++++ Supplied data ++++

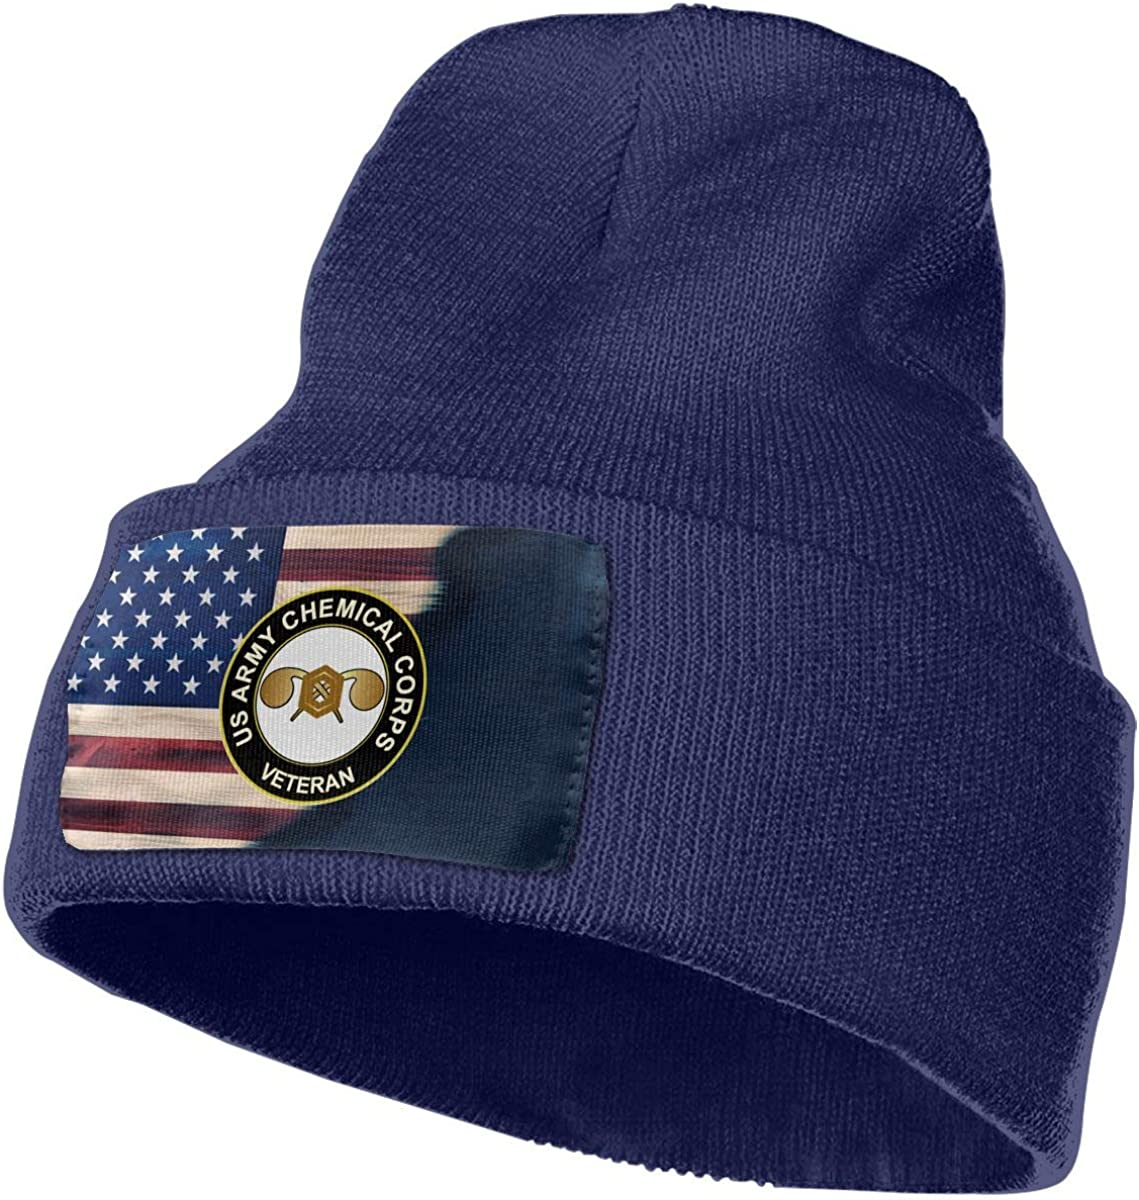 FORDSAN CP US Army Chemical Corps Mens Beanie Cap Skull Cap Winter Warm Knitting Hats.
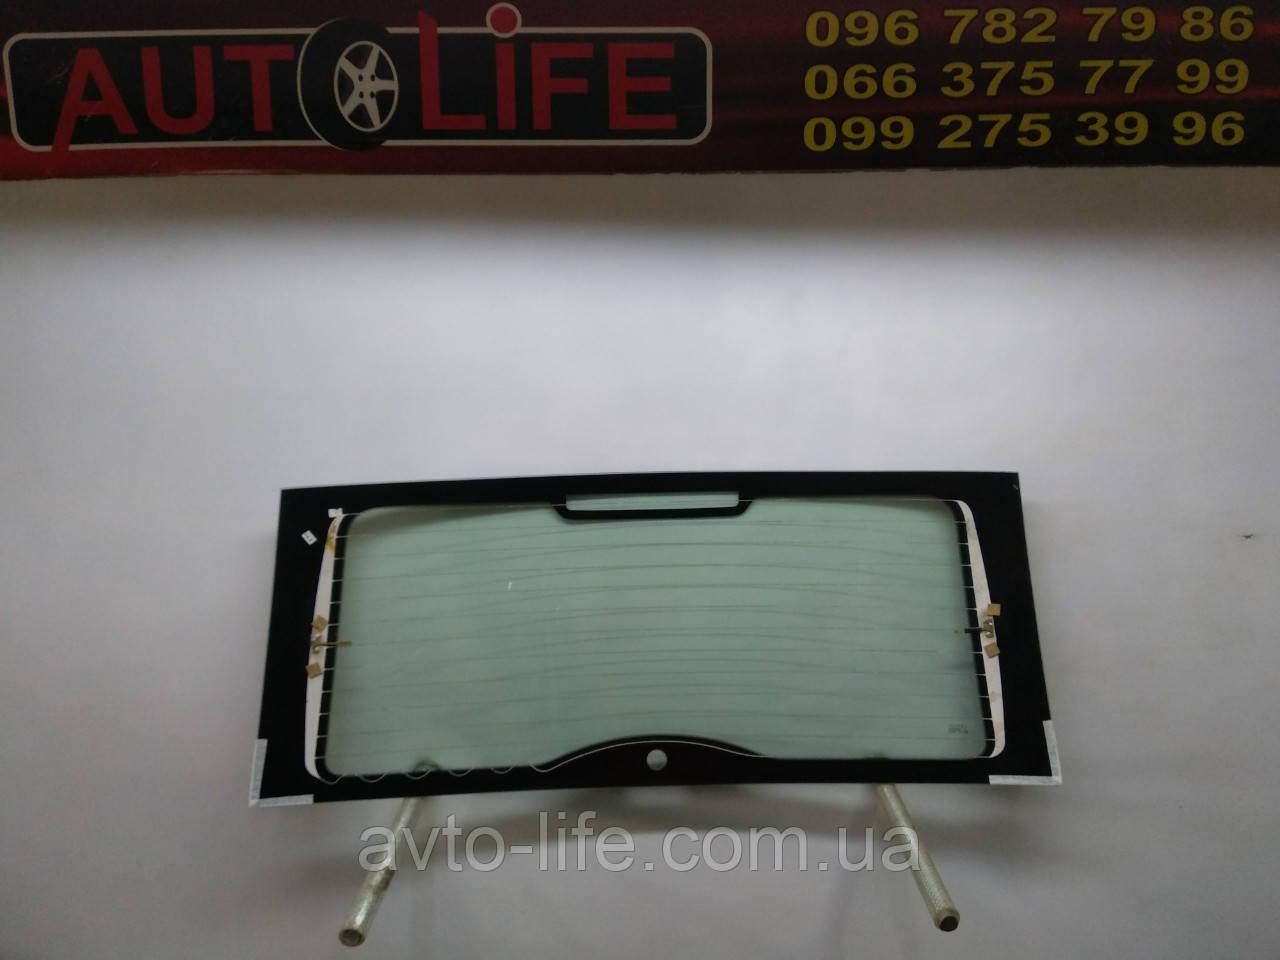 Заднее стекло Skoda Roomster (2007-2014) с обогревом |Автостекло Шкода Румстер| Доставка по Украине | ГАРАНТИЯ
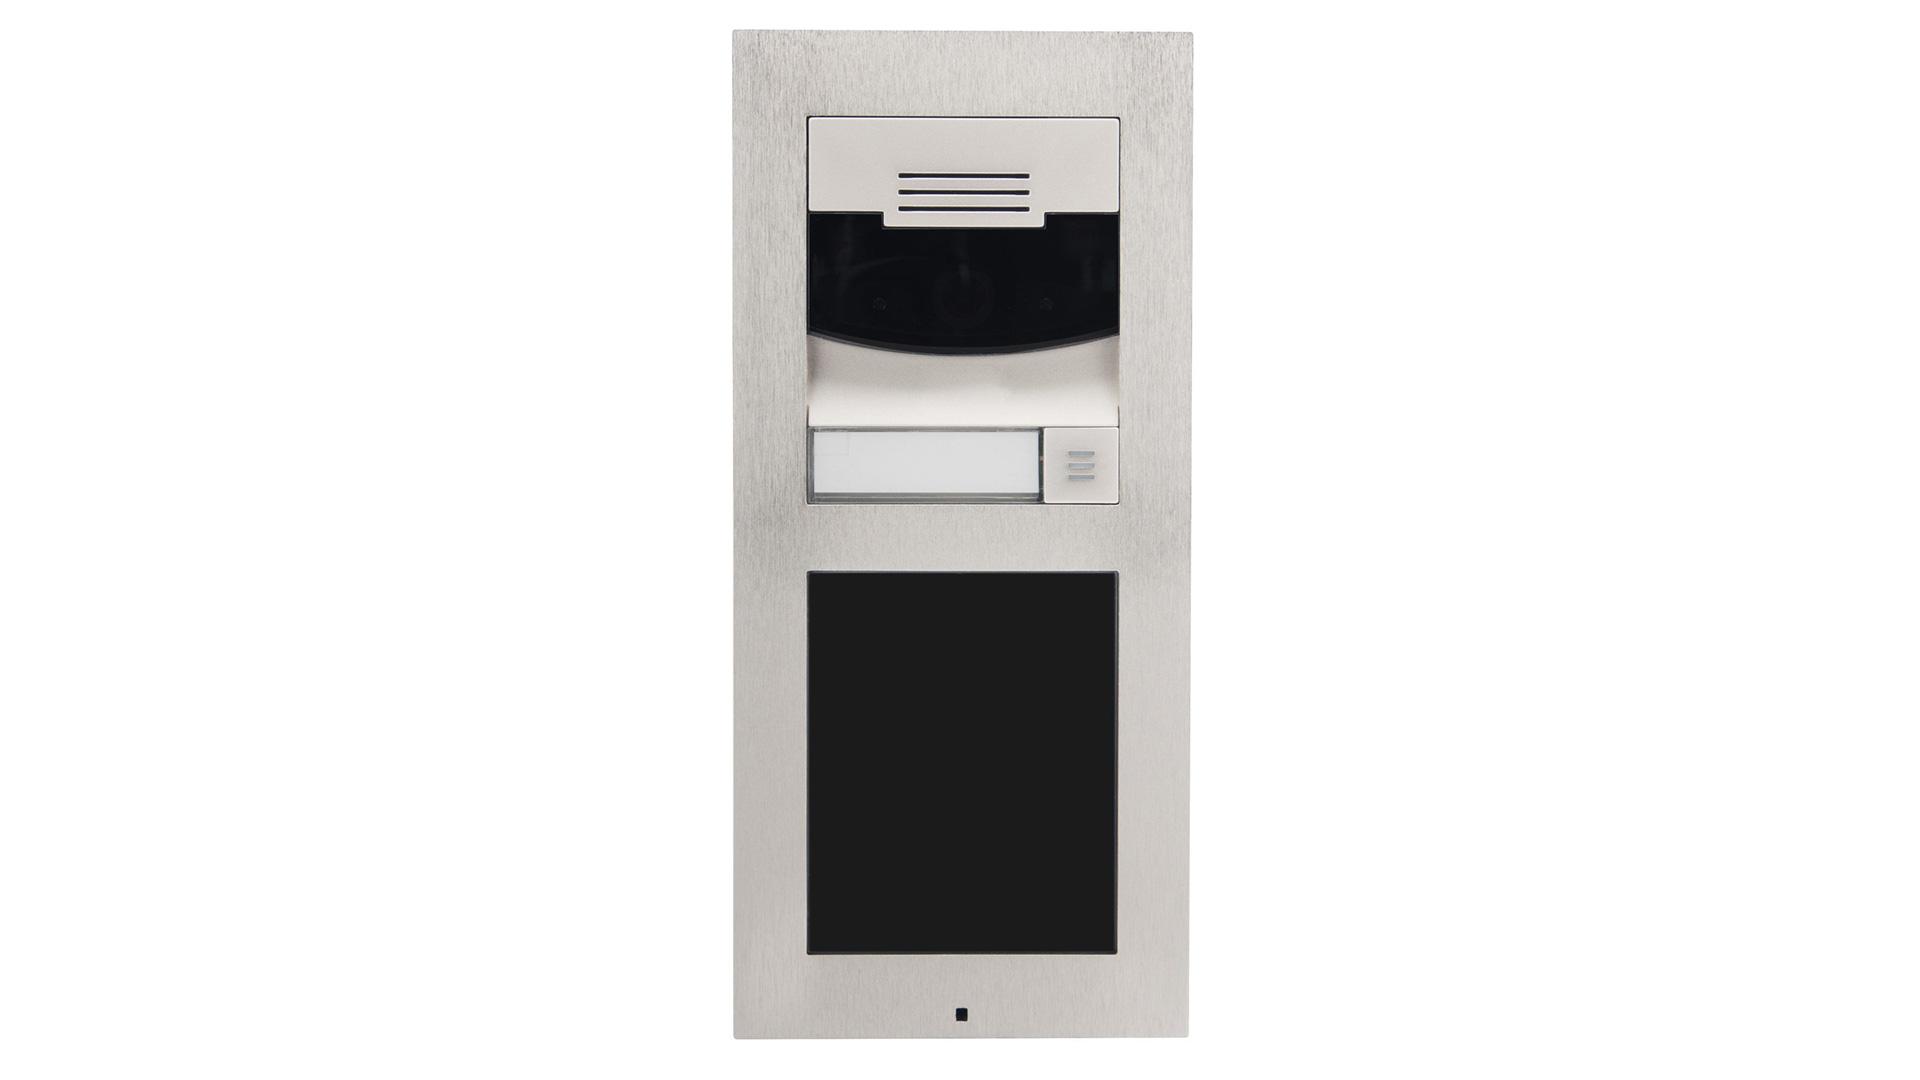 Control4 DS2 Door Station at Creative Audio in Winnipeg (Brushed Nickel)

++++

What to do:
Your copy must start at the line that holds "Заднее стекло Skoda" and end at the last line of the data, both included; it must contain no pictures.

Solution to this task:
 Заднее стекло Skoda Roomster (2007-2014) с обогревом |Автостекло Шкода Румстер| Доставка по Украине | ГАРАНТИЯ
 Control4 DS2 Door Station at Creative Audio in Winnipeg (Brushed Nickel)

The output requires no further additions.